Однако, горделивое заявление уверенного в себе Монмута мало сочеталось с изменившейся реальностью. «Сделать» было уже не так просто.
* * *
Расположенный к югу от Парижа городок Мелен не был стратегически важным портом или крепостью. Это был всего лишь городок парижского округа с крошечным гарнизоном и недавно собранным ополчением из числа горожан. Для английской армии даже не препятствие, а так – мелкое неудобство по дороге, которое можно было удалить одним щелчком, как пылинку с рукава. Да и удалять-то не так уж и важно – вреда от них тоже… на комариный укус. Но было одно обстоятельство, проигнорировать которое не позволяло страстное желание Монмута «утереть нос сопляку дофину» и показать, наконец, что его хвалёные военачальники ничего не стоят. Крошечным гарнизоном Мелена командовал «рыцарь без упрёка» и преданный сторонник «дофинистов» Гийом де Барбазан
Бывший лангедокский маршал как раз закончил формирование городского ополчения, когда вся гигантская английская армия, свежая и бодрая, оснащённая новейшей артиллерией, подошла к Сене и встала под стенами города.
Монмут, всё ещё пытавшийся сохранить христиански-милосердное лицо, для начала предложил добровольную сдачу, но в ответ получил решительный отказ. Тогда с недоброй усмешкой он приказал начать штурм, и был страшно удивлён, когда штурм провалился. Накатывая словно волны, английские атаки захлёбывались одна за другой, встречая сопротивление настолько яростное, что приходилось отступать. Несколько последующих дней попытки прорвать оборону предпринимались так часто и упорно, что могли бы устрашить любой гарнизон. Но только не гарнизон Мелена. Его защитники вдруг напомнили Монмуту драконов из старинных легенд, которые могли отращивать себе две головы, вместо отрубленной одной…
В ярости топнув ногой, английский король заявил, что не тронется с места, пока не получит ключи от города. Однако видя, что осада затягивается, и его люди гибнут безо всякого толка, снова снизошел до уговоров и даже не поленился привезти из Парижа безумного французского короля, как доказательство того, что действует от имени законного монарха, а вовсе не как иноземный захватчик.
Парламентёров его величества короля Шарля в город пропустили, но среди разрухи, нанесённой артиллерией, они увидели людей, не желающих сдавать не только эти обгорелые стены, но и свои позиции в отношении того, кто тут действительно «законен».
– Английский король – давний и смертельный враг Франции, – заявил де Барбазан, устало утирая покрытое копотью лицо. – Как рыцарь, истинно преданный своему королю, я никогда не открою перед ним ворота.
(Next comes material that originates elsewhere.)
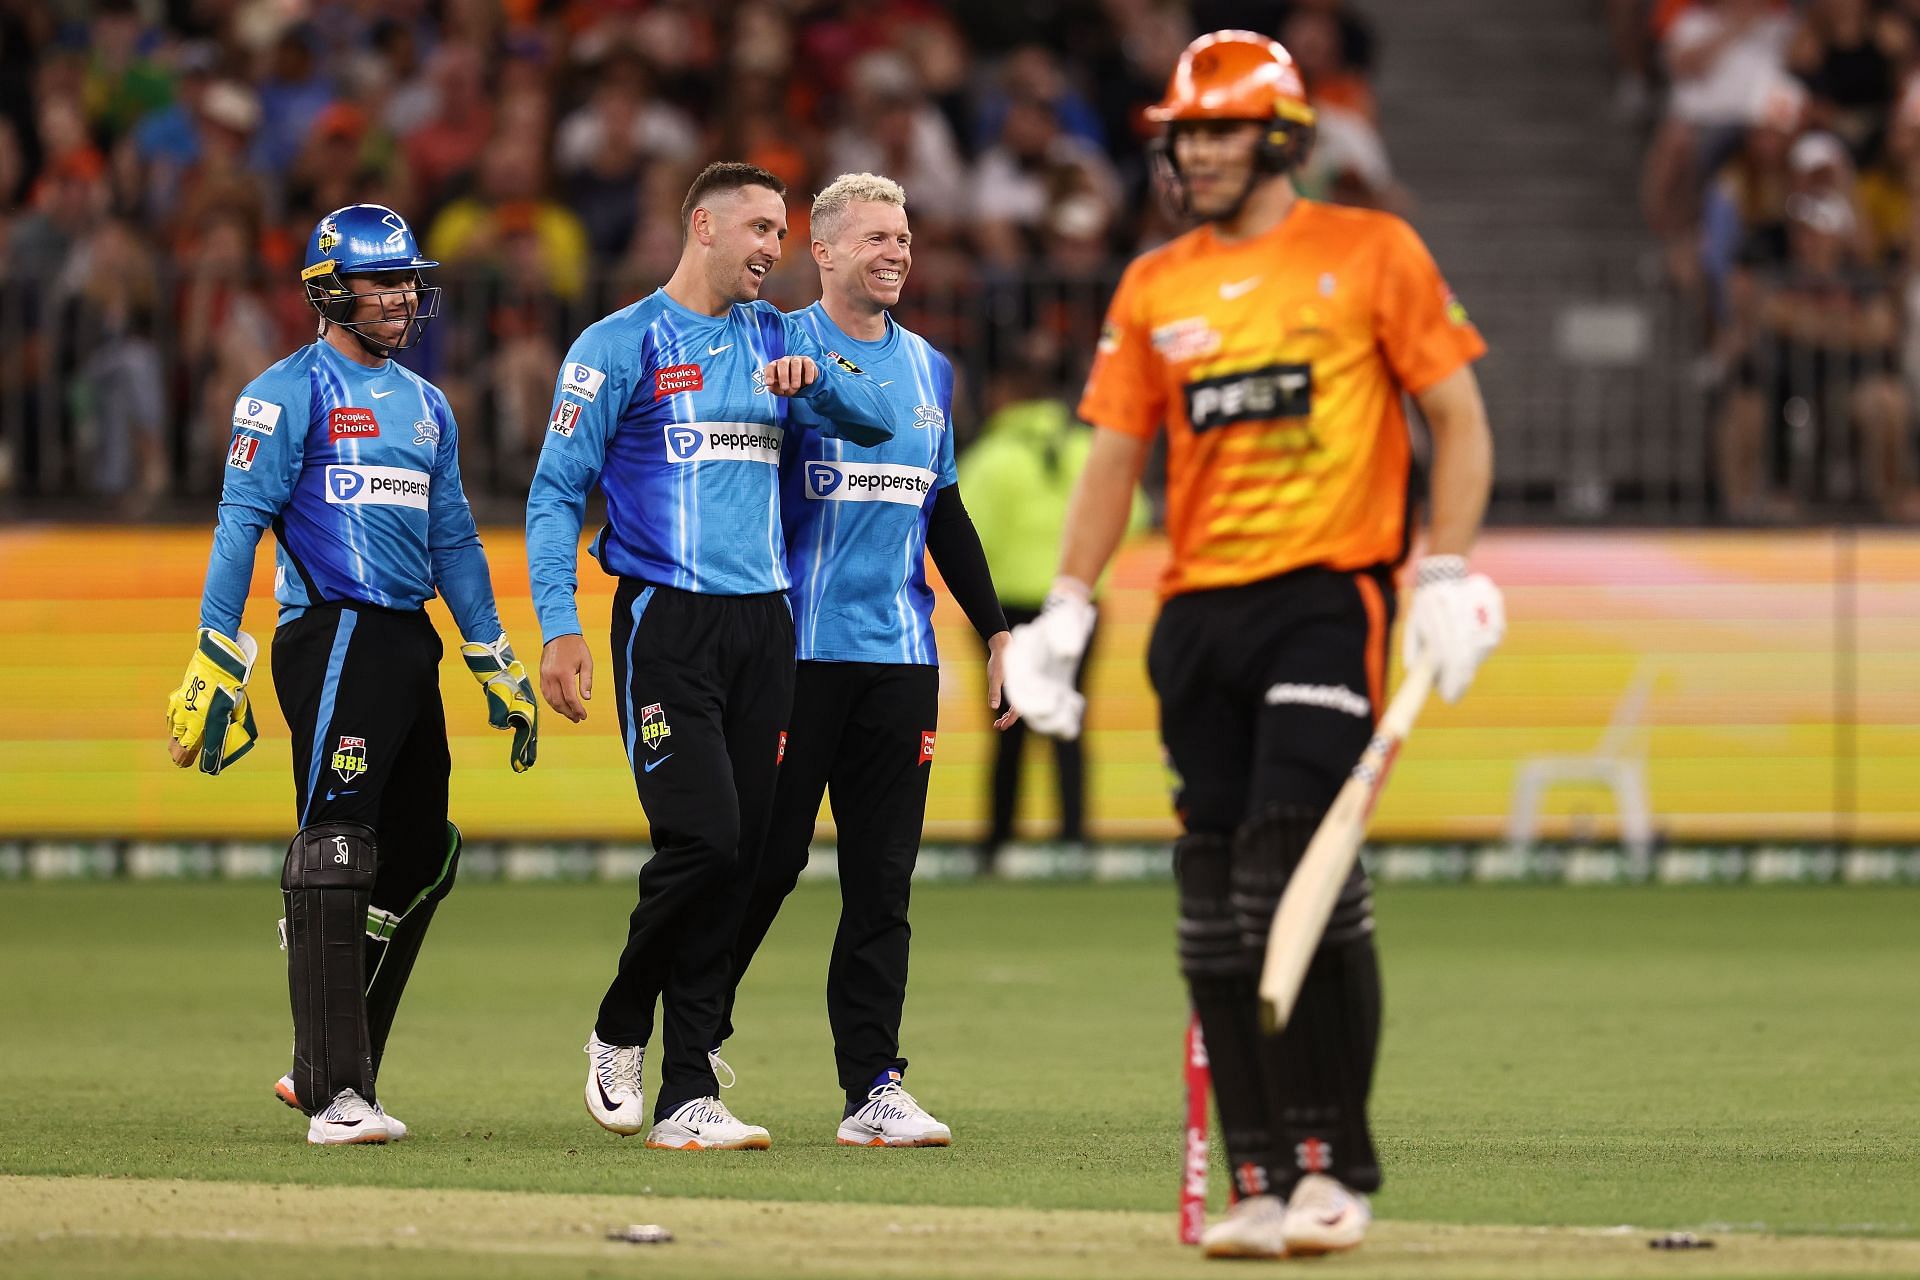 Matthew Short is the first ever X-Factor Substitute in Big Bash League

Так и передайте.
– Но вы обрекаете себя на верную смерть, если не от оружия, так от голода, а город – на верное уничтожение, – увещевал, явно сочувствуя осажденным, парижский епископ Куртекуис, которого привезли вместе с королём. – Пообещайте сдаться, и мы сделаем всё возможное, чтобы условия сдачи были как можно мягче, а ваш гарнизон и вы сами, разумеется, отпущены под честное слово.
Де Барбазан в ответ только усмехнулся.
– Моему слову можно верить. Поэтому я им дорожу и не даю кому попало.
– Английский король тоже дал слово чести, что рассмотрит любые ваши предложения…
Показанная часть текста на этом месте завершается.